◆ Data extract:
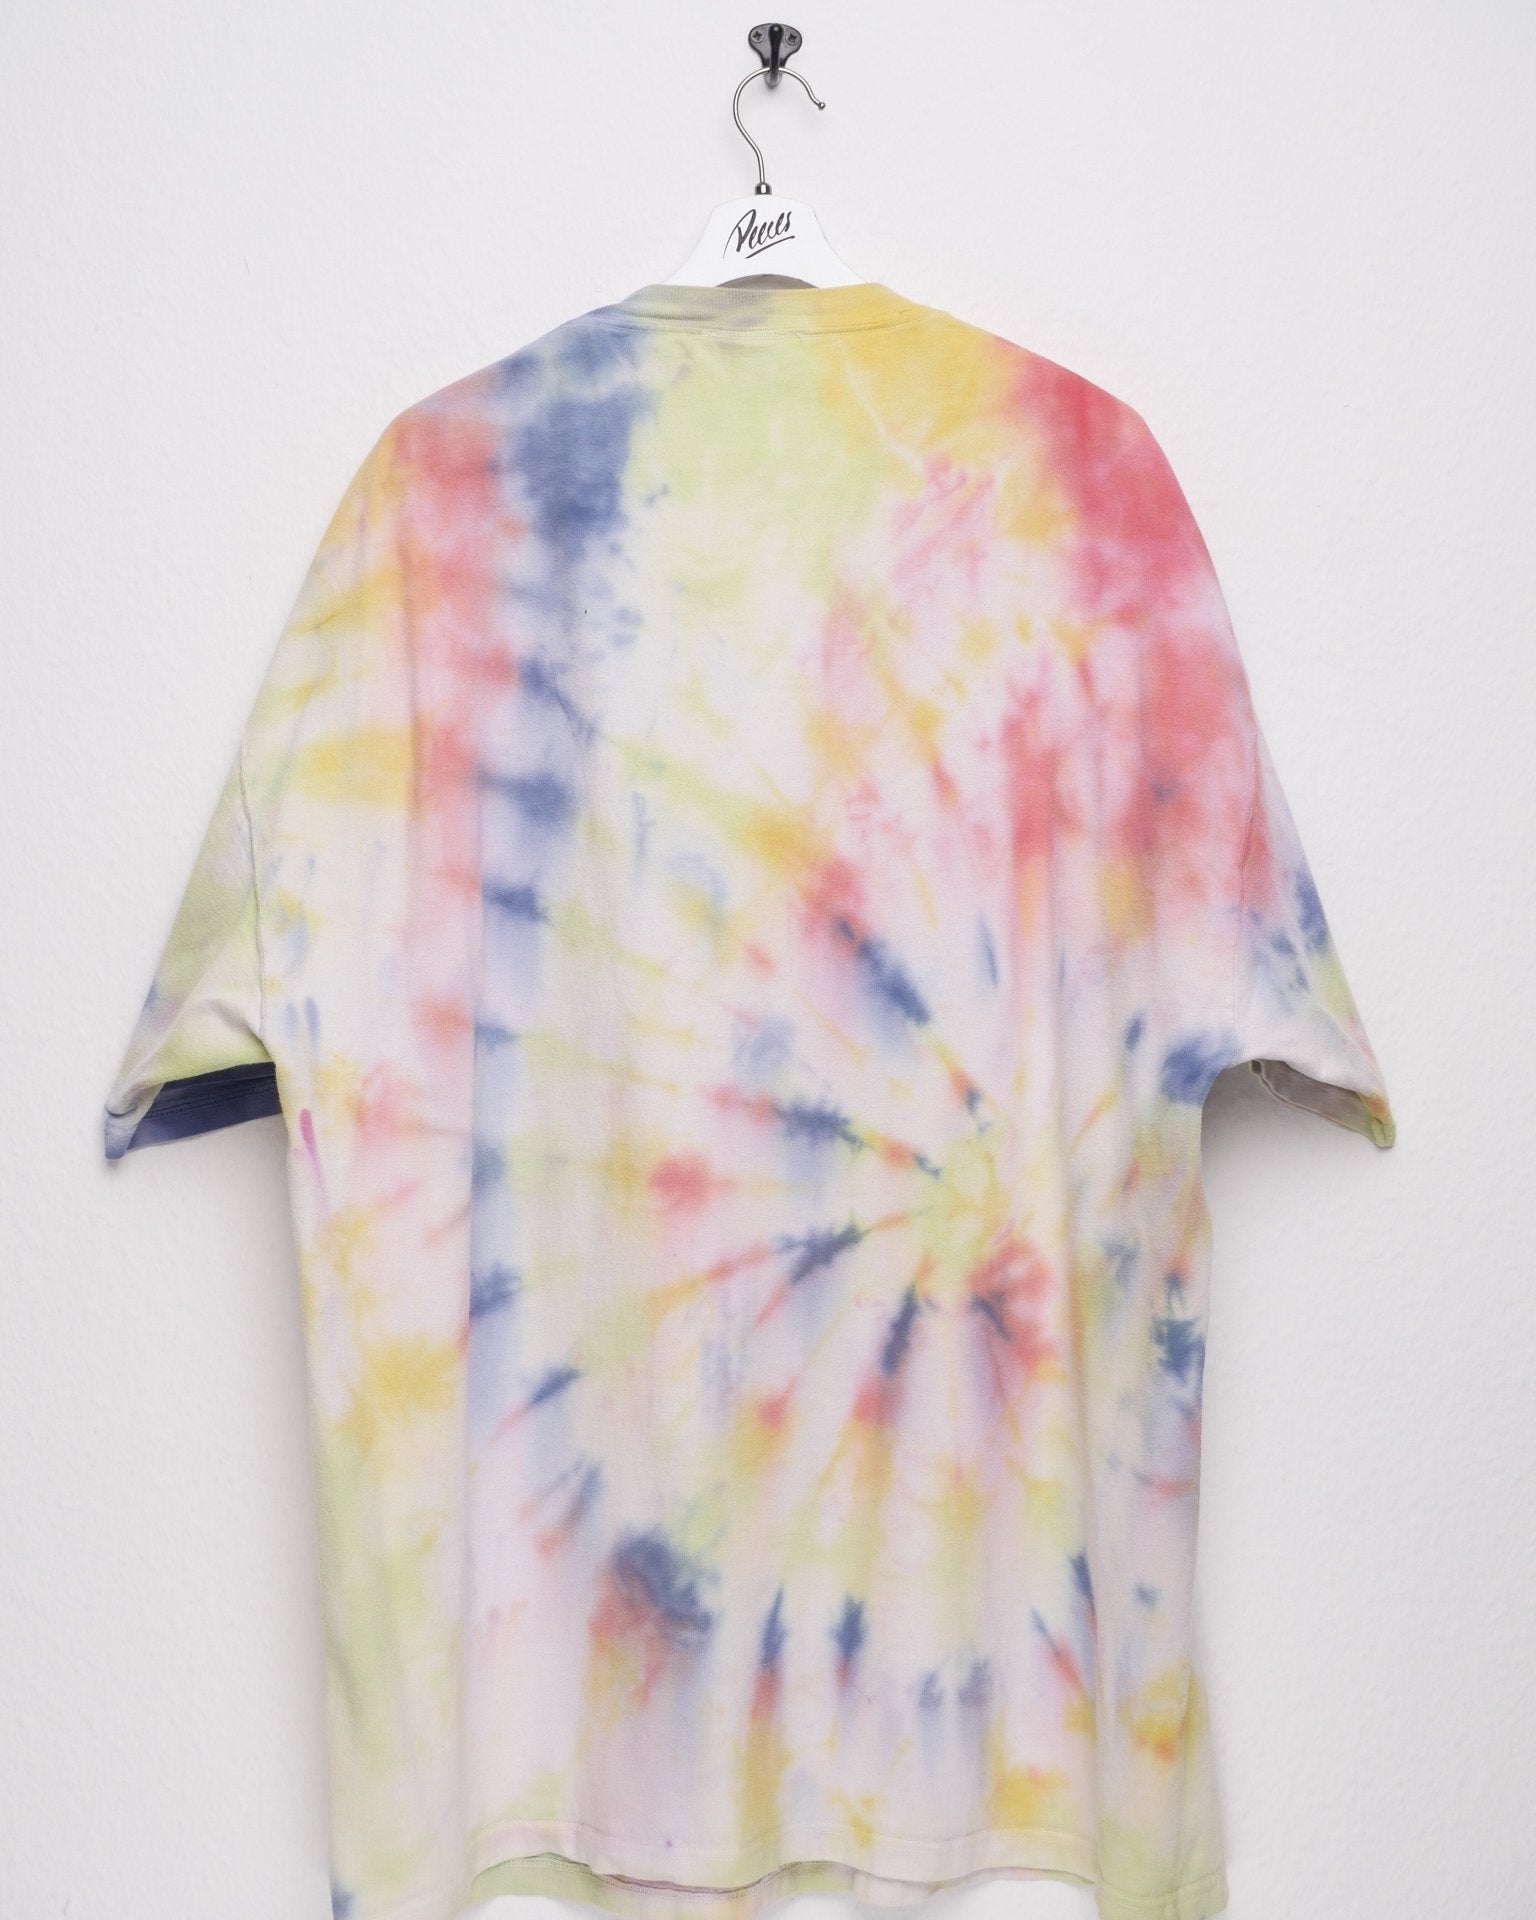 harley embroidered Logo Tie Dye Shirt - Peeces
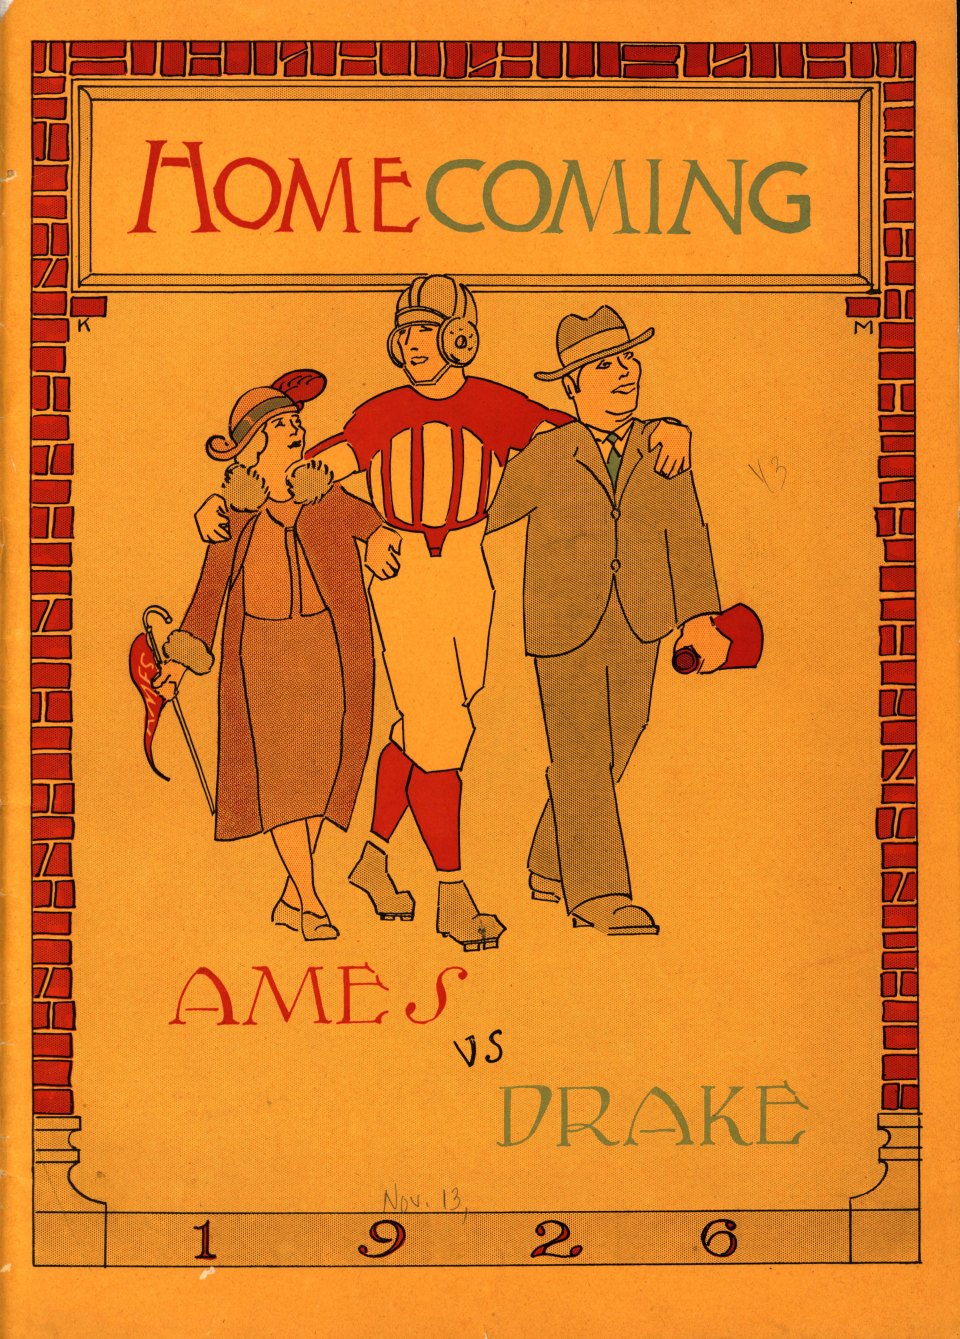 Colored image of poster from Ames v.s. Drake homecoming football game in 1926
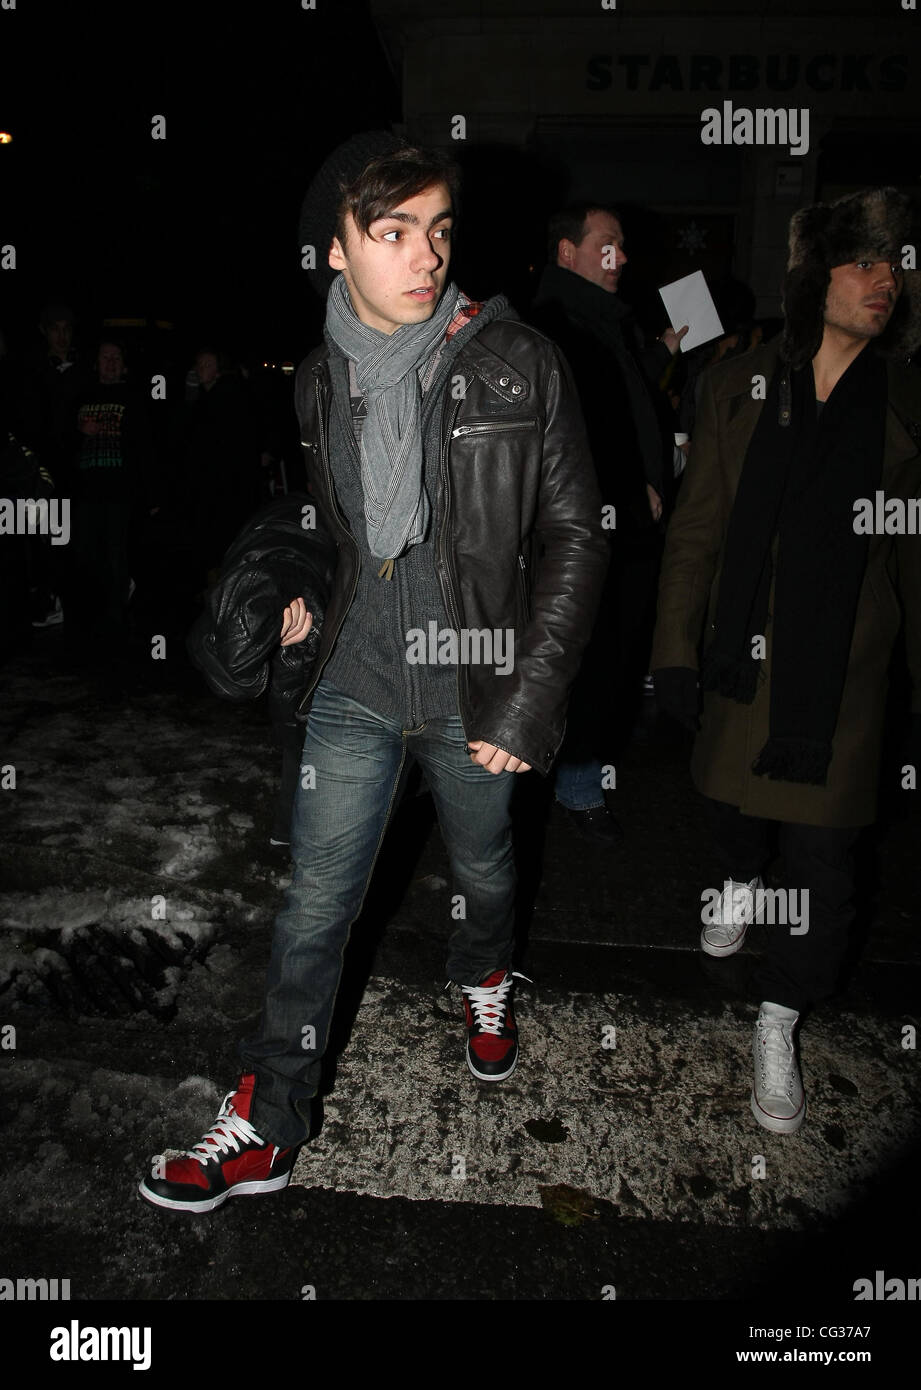 Nathan Sykes of The Wanted at Radio One London, England - 19.12.10 Stock Photo

◆ Work instructions: Restate every line of the listing exactly. Pictures are not part of the copy.

◆ Task answer:
 harley embroidered Logo Tie Dye Shirt - Peeces
 Colored image of poster from Ames v.s. Drake homecoming football game in 1926
 Nathan Sykes of The Wanted at Radio One London, England - 19.12.10 Stock Photo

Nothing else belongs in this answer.